Using the records below, copy exactly the part that opens with the line holding "Elverum håndball, Arnulf" and closes with the line holding "Magnifique boîte à", minus the pictures.

- _Data for the task_:
>>>

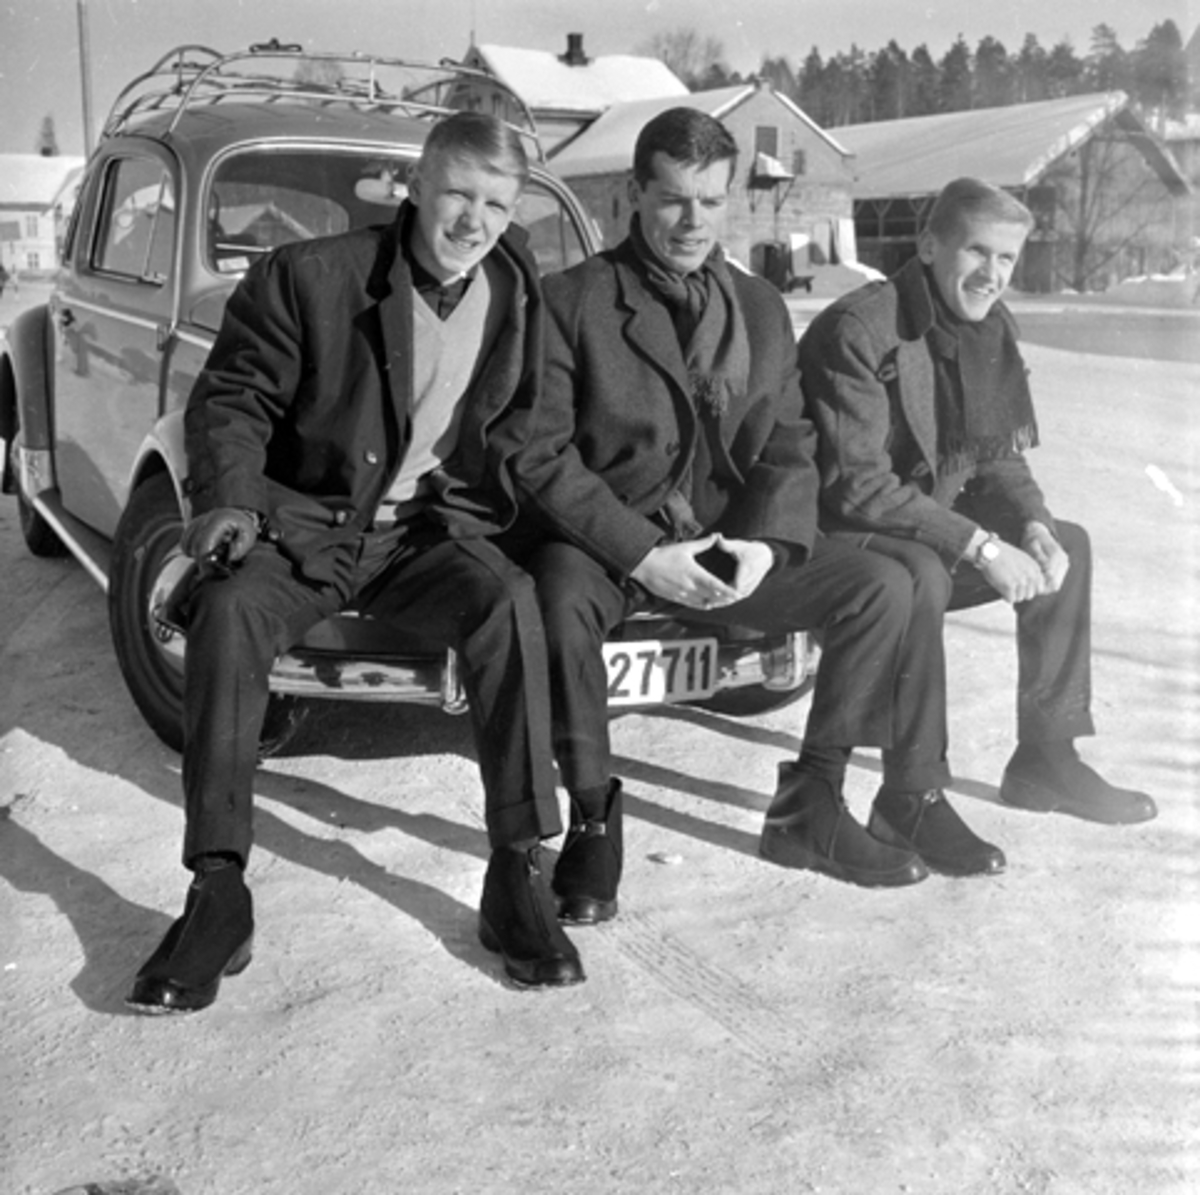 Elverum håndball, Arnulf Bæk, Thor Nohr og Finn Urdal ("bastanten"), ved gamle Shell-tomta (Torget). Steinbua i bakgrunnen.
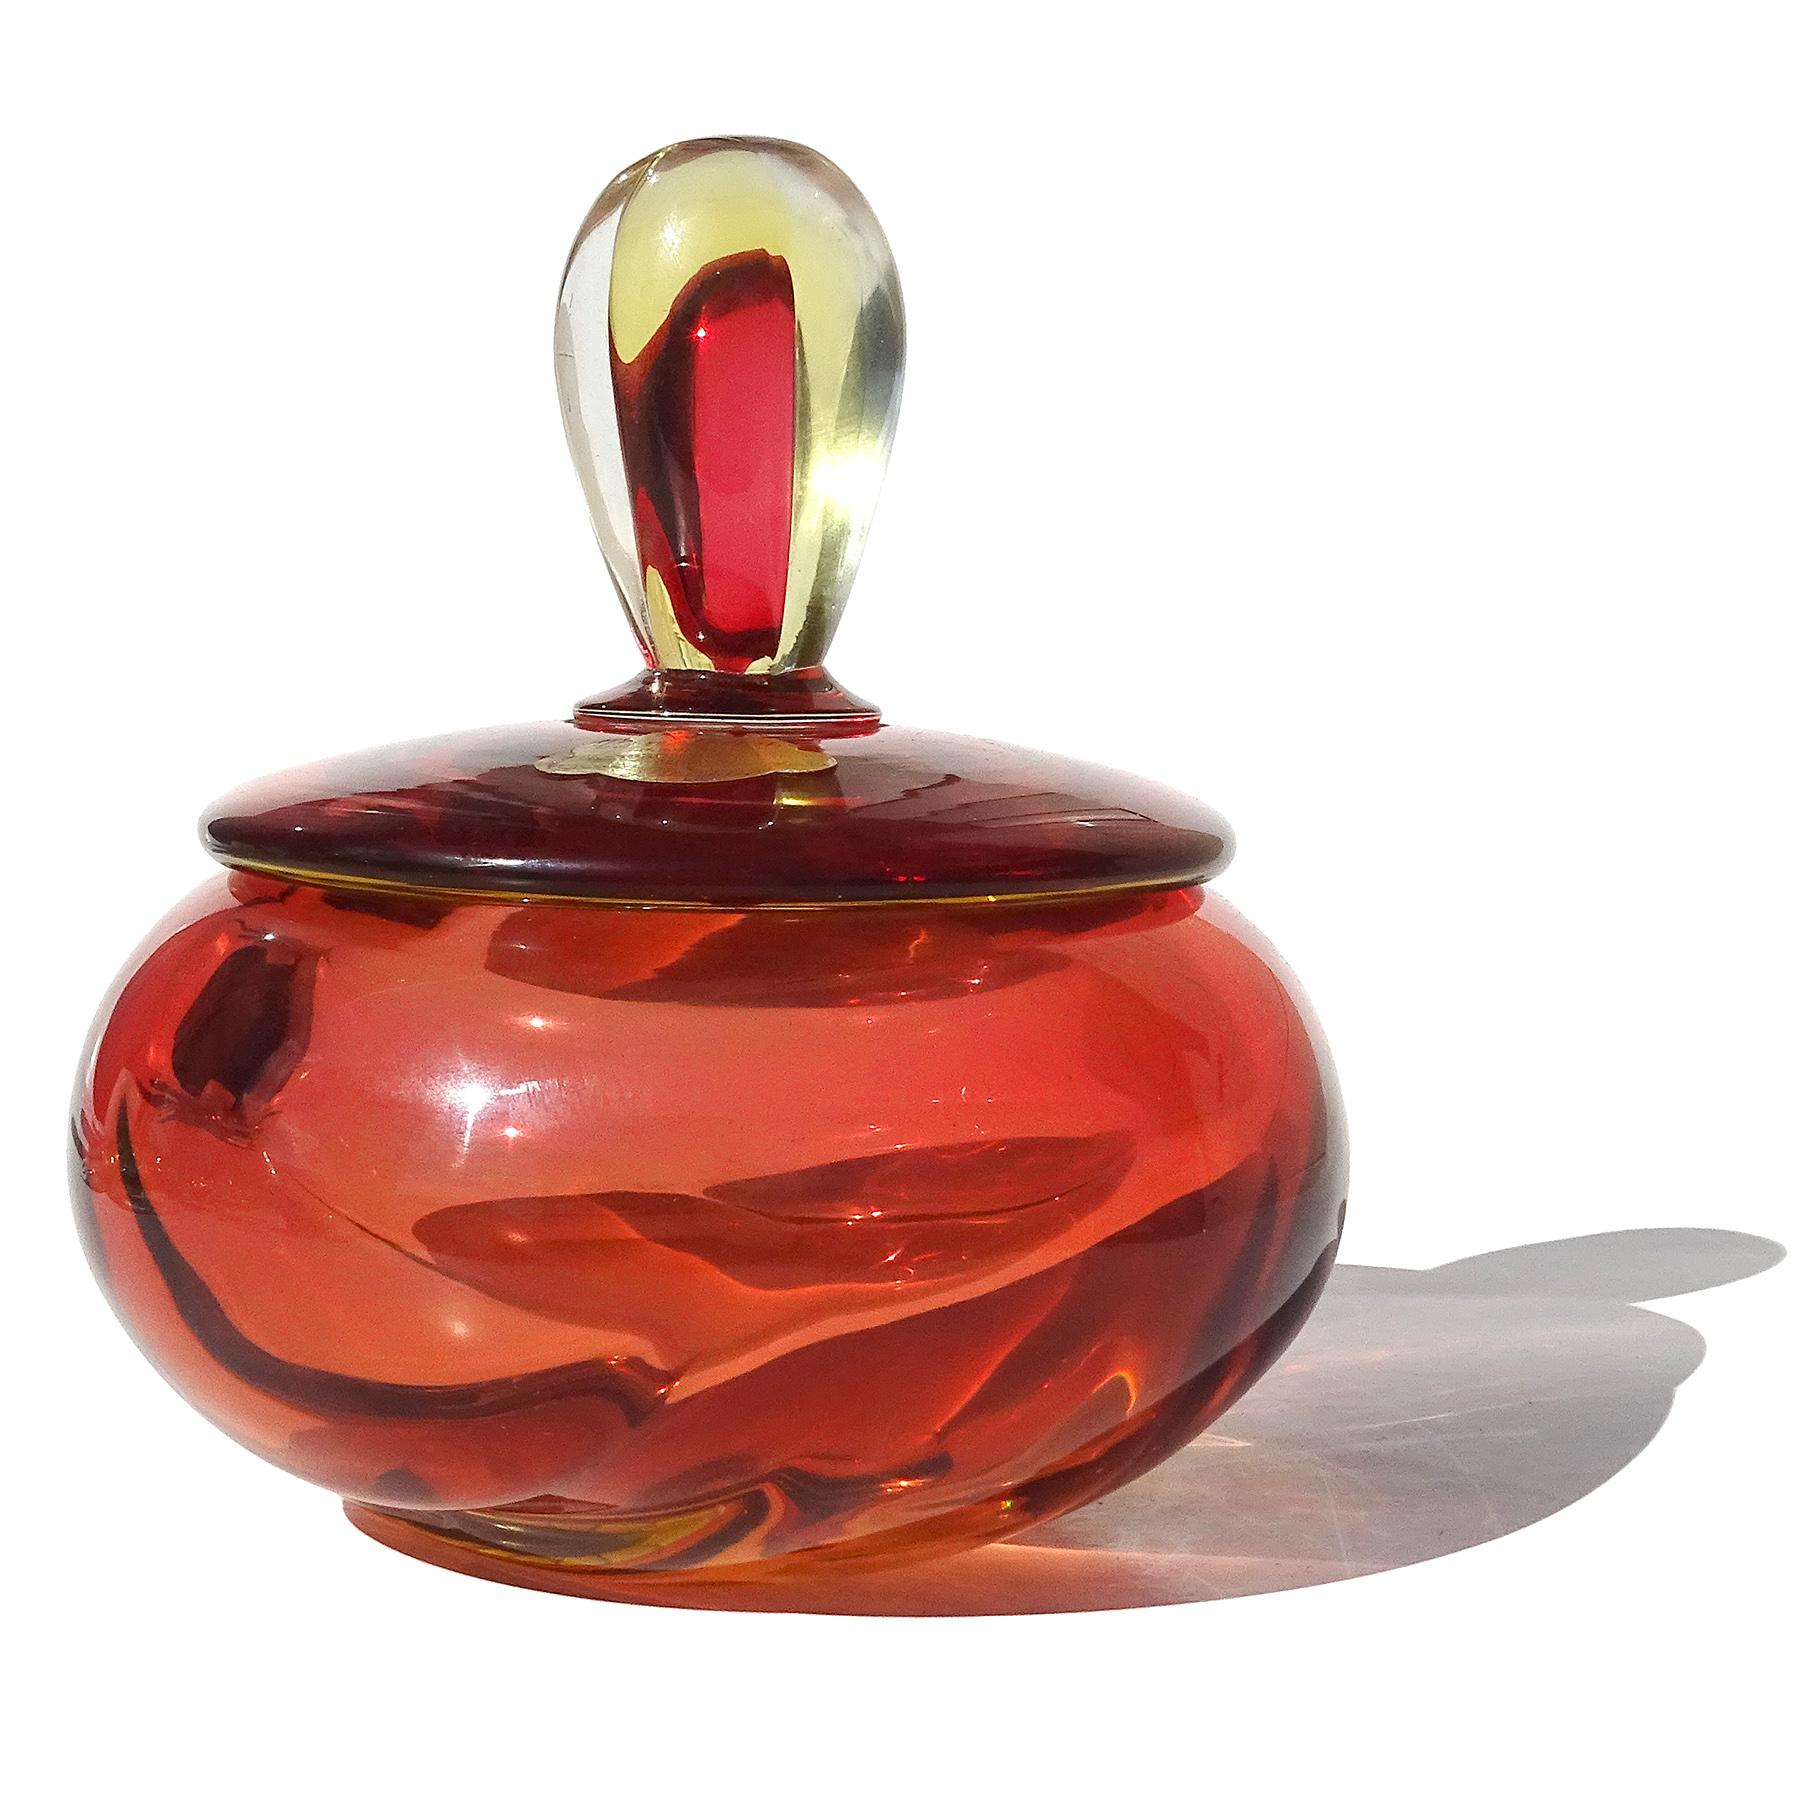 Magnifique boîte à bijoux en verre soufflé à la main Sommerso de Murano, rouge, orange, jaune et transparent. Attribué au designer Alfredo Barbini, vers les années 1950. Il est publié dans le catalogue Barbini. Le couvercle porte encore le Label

<<<
>>>

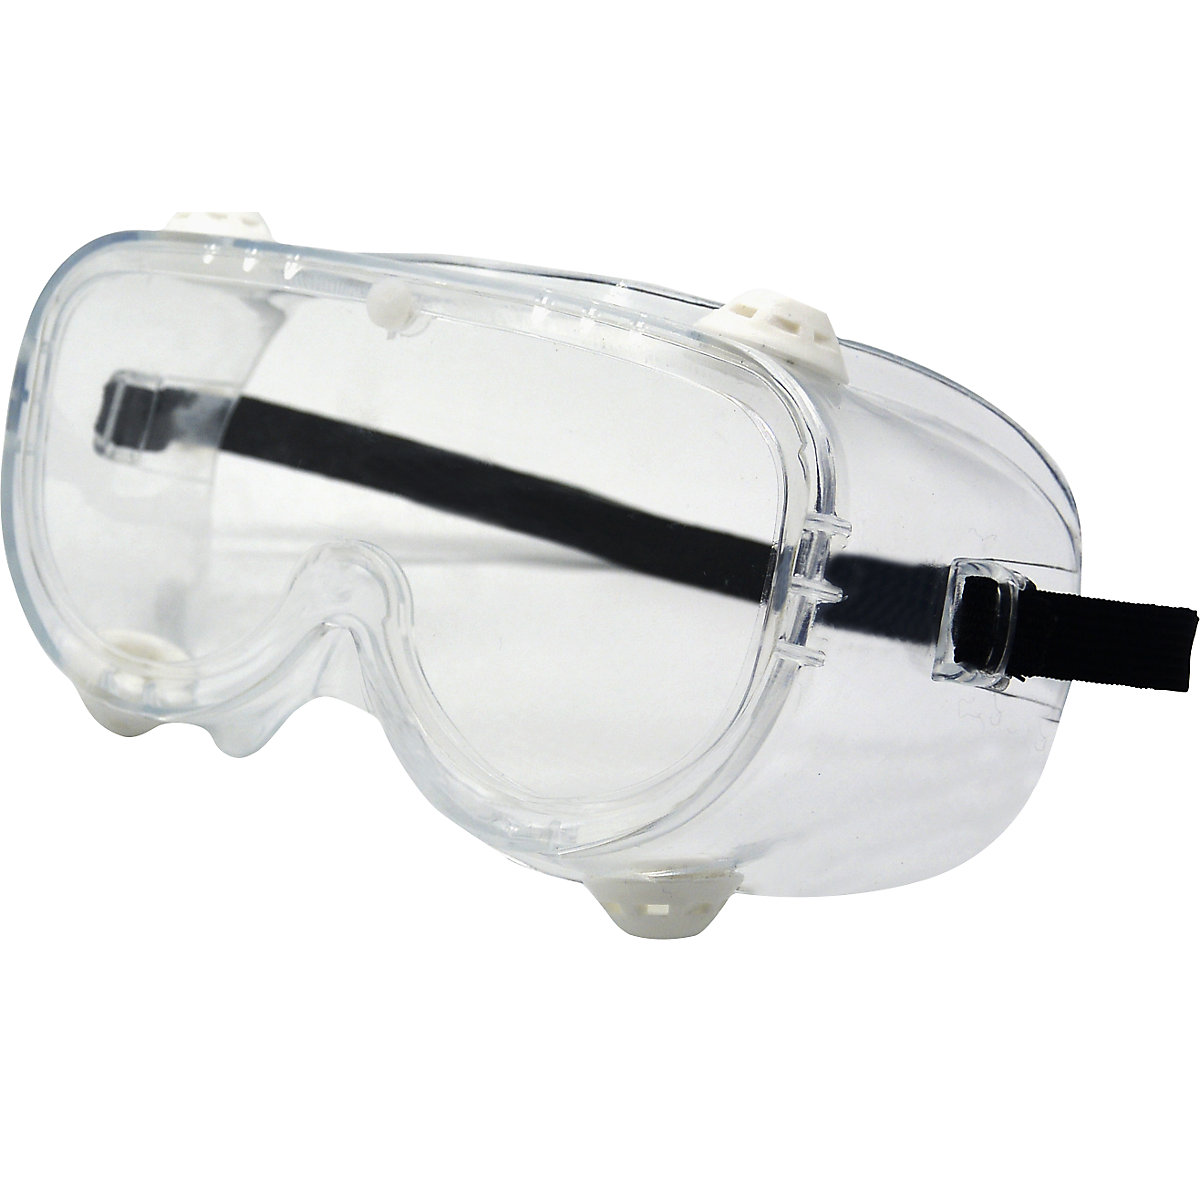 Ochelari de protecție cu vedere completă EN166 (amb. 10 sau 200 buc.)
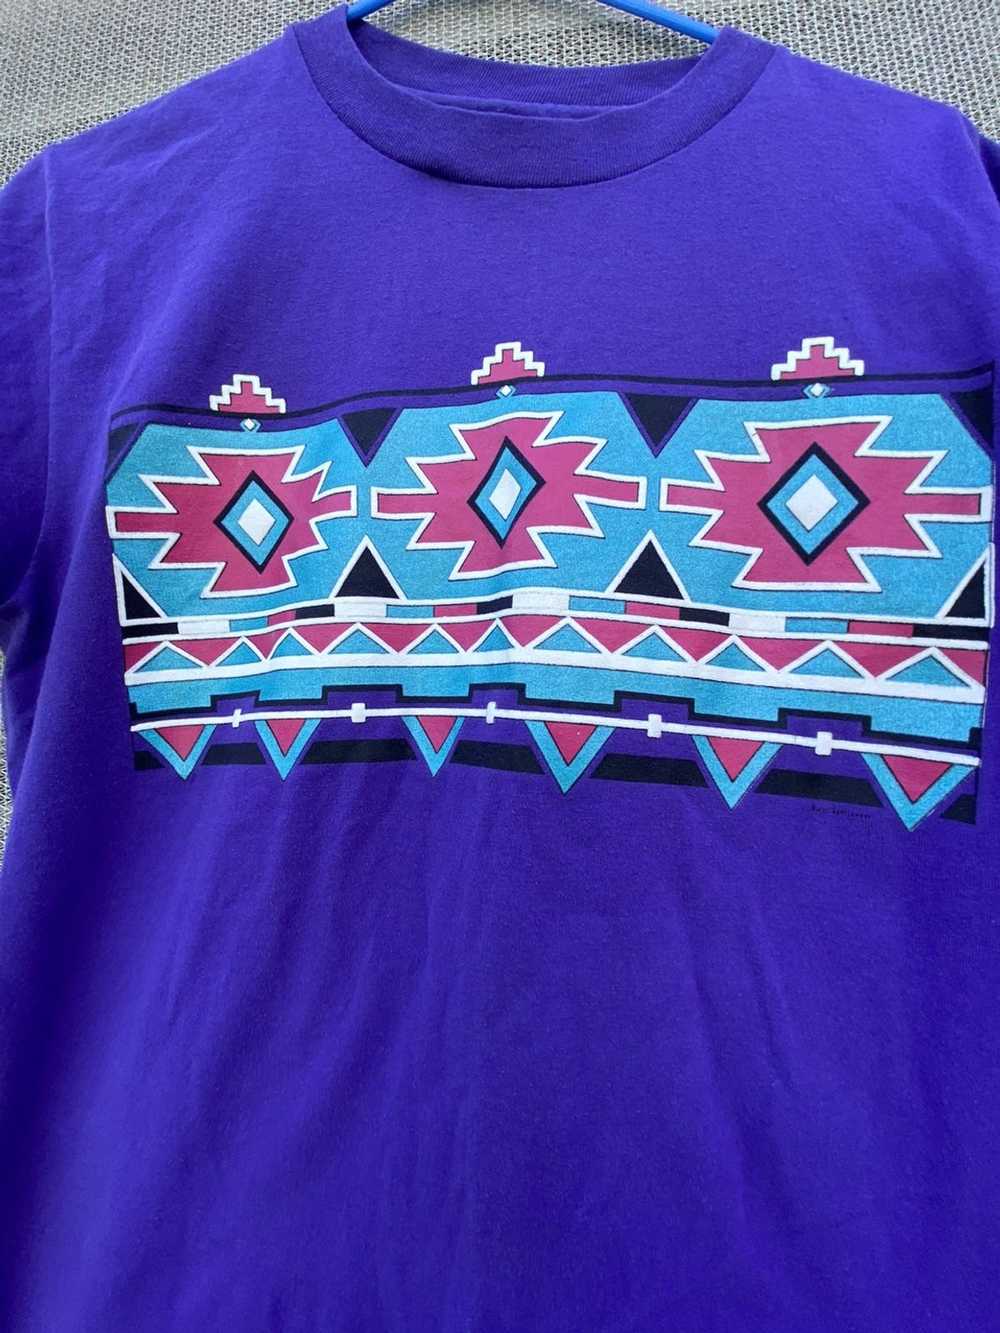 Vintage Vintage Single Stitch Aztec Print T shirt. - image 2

<<<
>>>

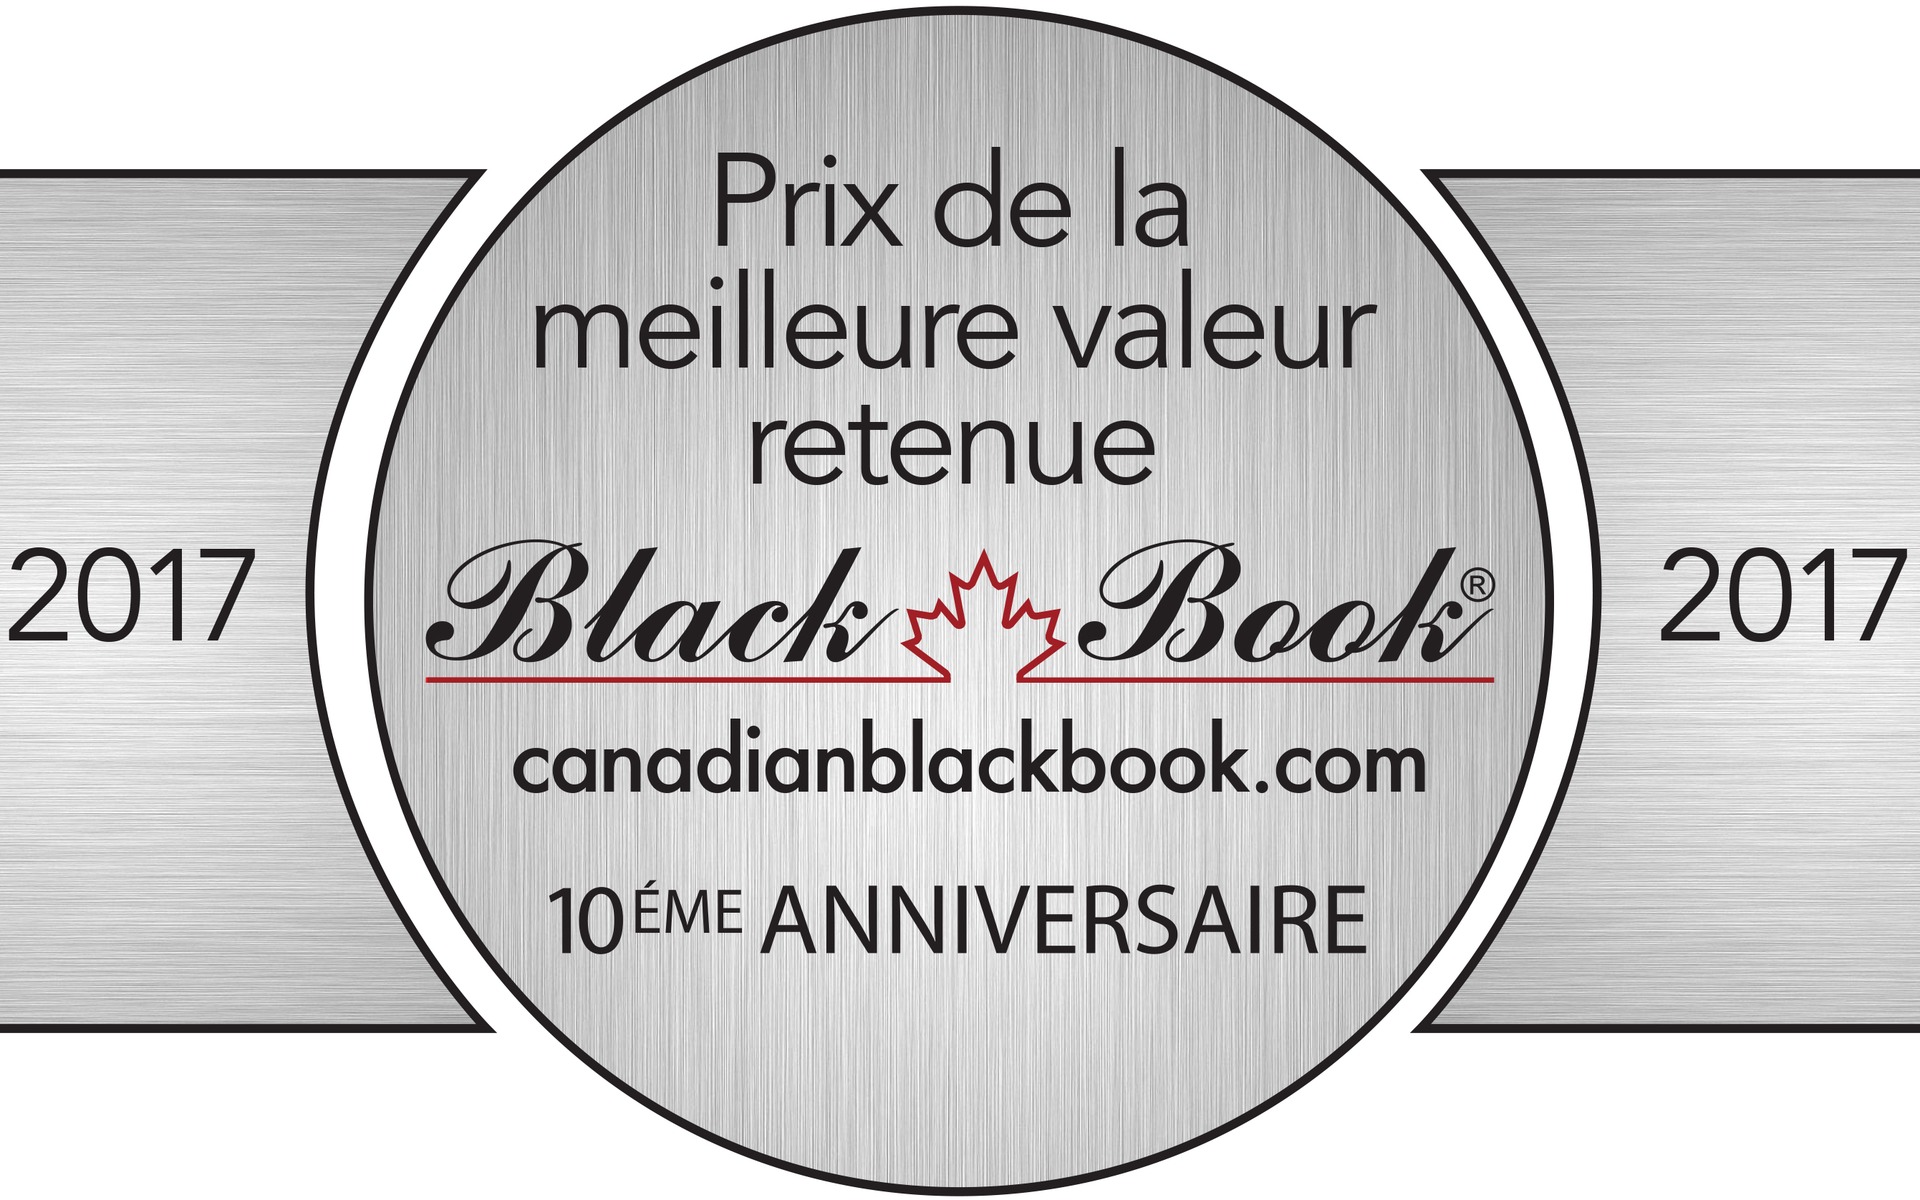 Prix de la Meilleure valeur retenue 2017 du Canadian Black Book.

<<<

- _Your solution_:
 Elverum håndball, Arnulf Bæk, Thor Nohr og Finn Urdal ("bastanten"), ved gamle Shell-tomta (Torget). Steinbua i bakgrunnen.
 Magnifique boîte à bijoux en verre soufflé à la main Sommerso de Murano, rouge, orange, jaune et transparent. Attribué au designer Alfredo Barbini, vers les années 1950. Il est publié dans le catalogue Barbini. Le couvercle porte encore le Label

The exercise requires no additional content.